2. Fundamental Background
The following section offers an overview of some fundamental concepts underlying our question of synthesising successful embodiment solutions. Given the abundance of work in the field of design methodology, the paper abstains from a comprehensive literature review. Instead, the main aim is to highlight some, from the authors’ point of view, key insights in relation to the embodiment activity. And while we certainly could have chosen more or other sources, we hope that the providedReferences equip readers with limited design background for the subsequent discussion on design freedom and tasks when transitioning from conceptual ideas to the first physical solutions. Readers with extensive methodical background may safely skip this section.
2.1. An overview of the Design Activity
The question of design synthesis, i.e., finding innovative solutions that provide an added value, is at the core of every design process. In general, the design process may be seen as a top-down progression where abstract functional entities are synthesised and gradually concretised into a system that is suitable to fulfil the desired functionality, or more specifically to achieve the desired product properties. Traditionally, this process is described in sequential order from the identification of a relevant problem area and the definition of functional entities, through the choice of suitable physical phenomena, towards the concretisation of suitable working elements, interacting parts, geometrical features, etc. as illustrated in Fig. 2 a) or numerous similar representations in literature, e.g. in Pahl and Beitz (Reference Pahl and Beitz2007); Andreasen et al. (Reference Andreasen, Hansen and Cash2015); Ehrlenspiel and Meerkamm (Reference Ehrlenspiel and Meerkamm2013). Complementing this aspect of gradual concretisation, the corresponding visualisation also includes the idea of divergent and convergent design steps. The underlying reasoning is that the process supports creative exploration of potential conceptual solutions and avoids unintended fixation or biases (Divergence), all while controlling the size of this solution set by systematic prioritisation and, once possible, analysis (Convergence). These strategies are also summarised in the well-known Double Diamond model (Design Council, 2007) in Fig. 2 b) that, furthermore, underlines the largely ill-structured nature of any design task by the differentiation of Problem space and Solution space.

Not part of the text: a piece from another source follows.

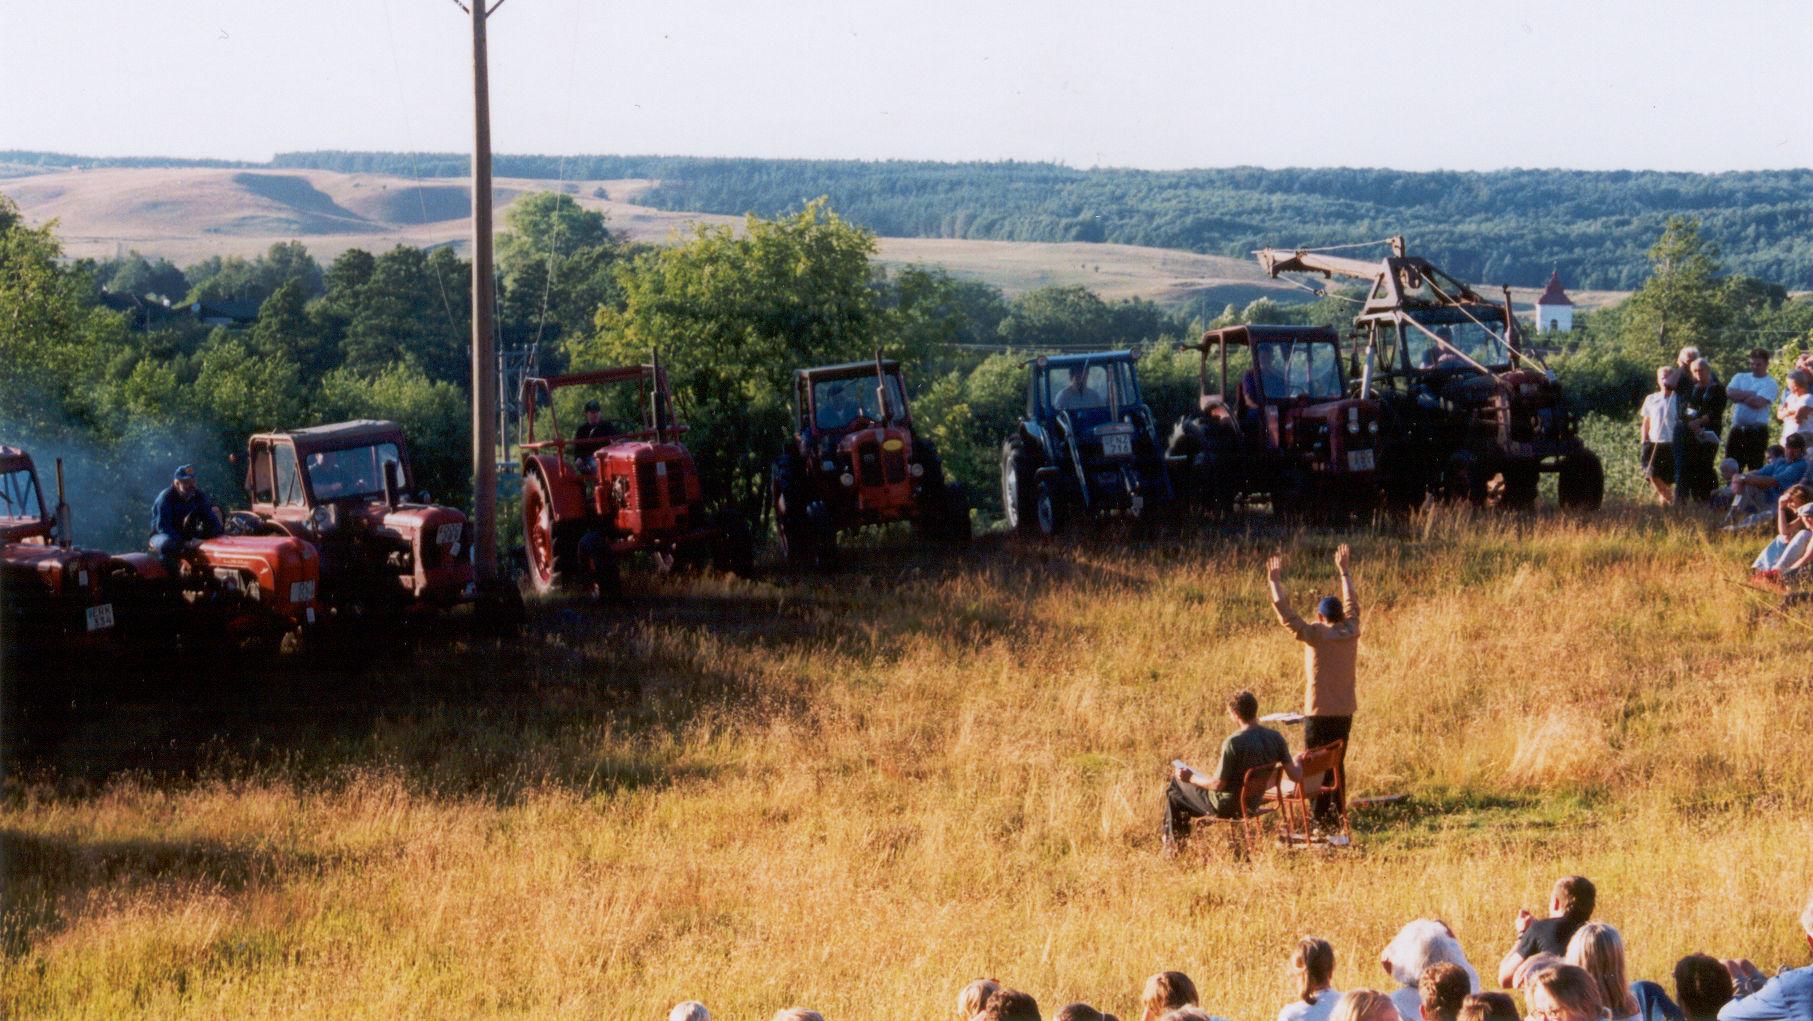 Ornahög blev skådeplats när över 2 000 personer vallfärdade för att se Sven-Åke Johanssons konsert för tolv traktorer den 20 juli år 2000. Foto: Ellinor Gylling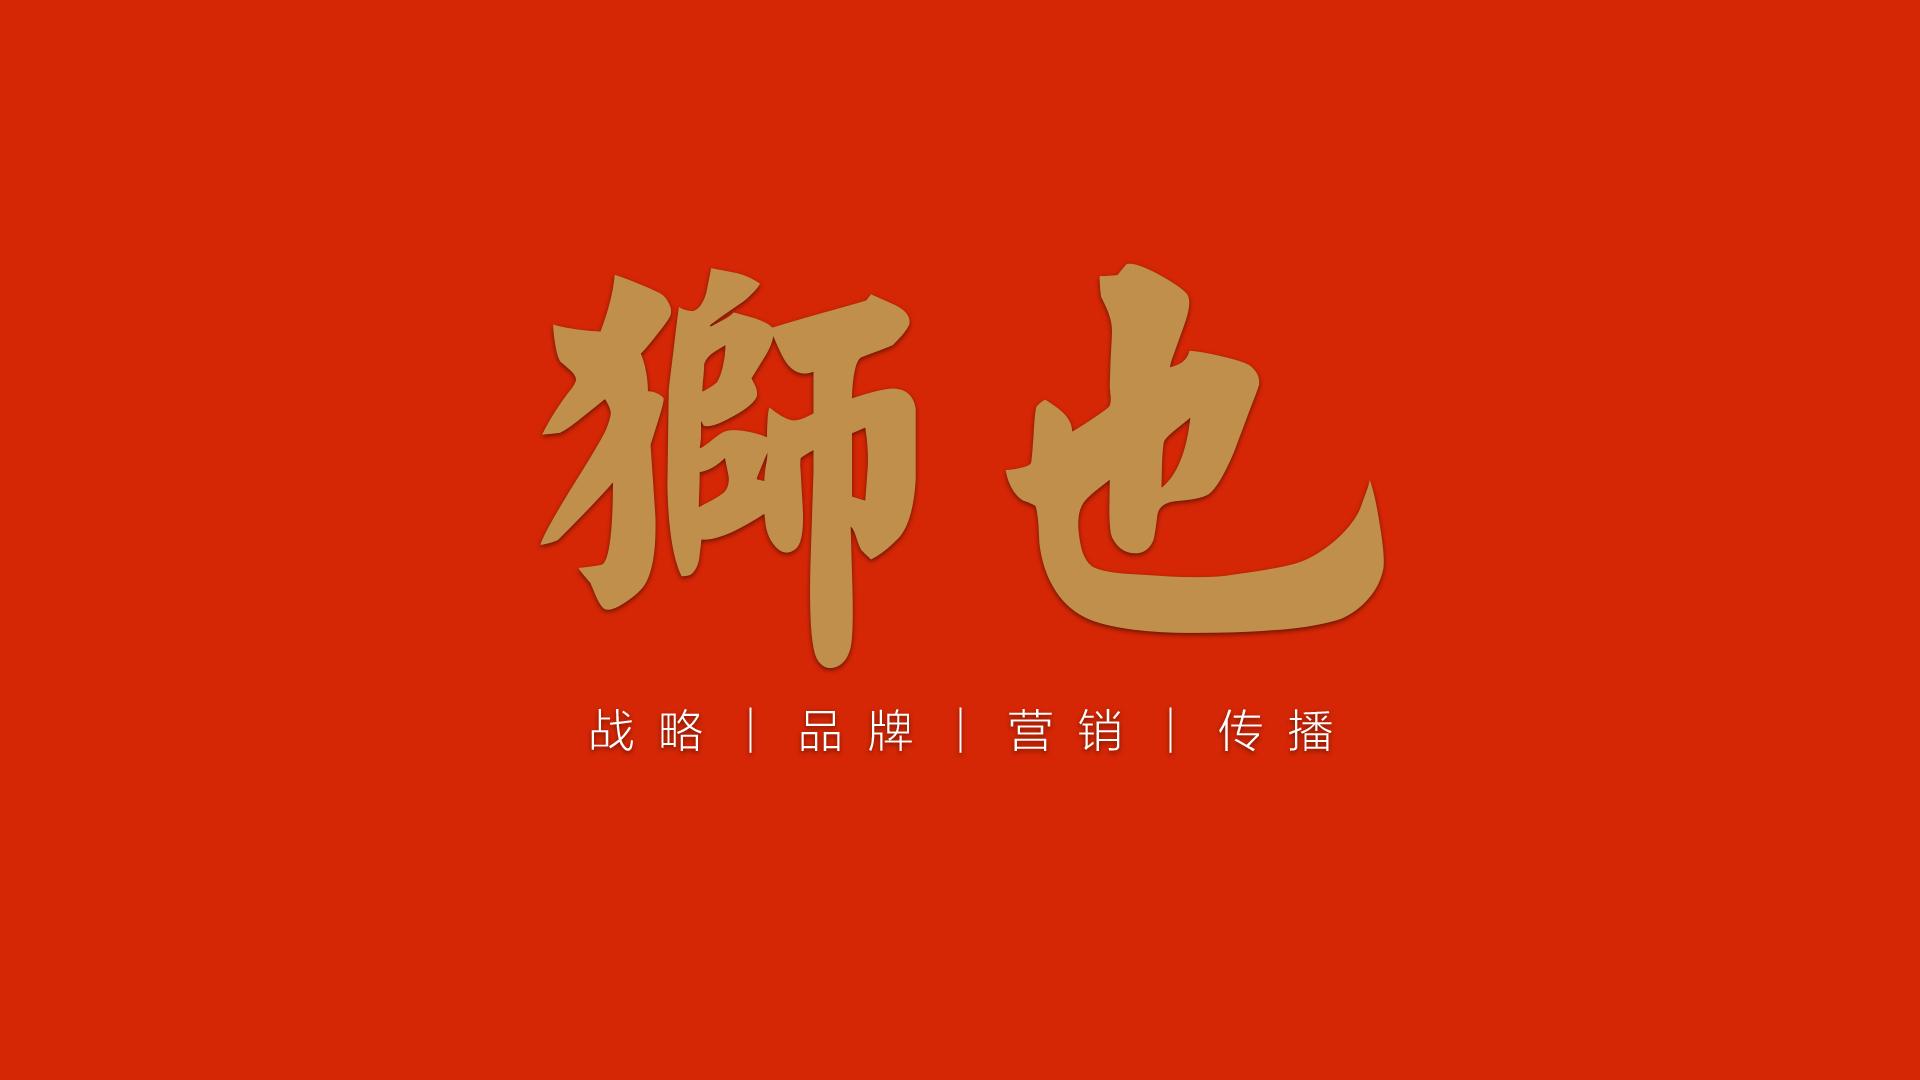 上海营销策划公司—2014年情人节营销活动大盘点

Figure 2. Design activity in a) sequential order, b) as problem and solution space
However, and despite various other detailed prescriptive design process models, the question how design synthesis progresses after the initial conceptual design phase is less clearly described in the literature. At the same time, there are some essential aspects that are worth taking into account. Extending the idea of problem decomposition and sequential concretisation, Hubka and Eder (Reference Hubka and Eder1988) point out that not all relevant functional entities are necessarily know in the beginning of the design progression. In other words, the concretisation of design ideas is a necessary step to structure the ill-defined task, also beyond the problem space highlighted in the Double Diamond model. The corresponding alternating pattern of identifying (sub-) Functions and conretising them with specific Means is shown by the Functions/Means (F/M) tree representation in Figure 3 a). Furthermore, we understand the Concept & Knowledge (C-K) Theory, which explains the design activity based on the delimitation of Concept space and Knowledge space as a generalised form of this insight, see Fig. 3 b) and Hatchuel and Weil (Reference Hatchuel and Weil2009). In this sense, the formulation and conretisation of a concept (C) is an essentially necessary step to gather additional information, and in turn knowledge (K), that helps structuring the design task and is fundamental for advancing the design progression.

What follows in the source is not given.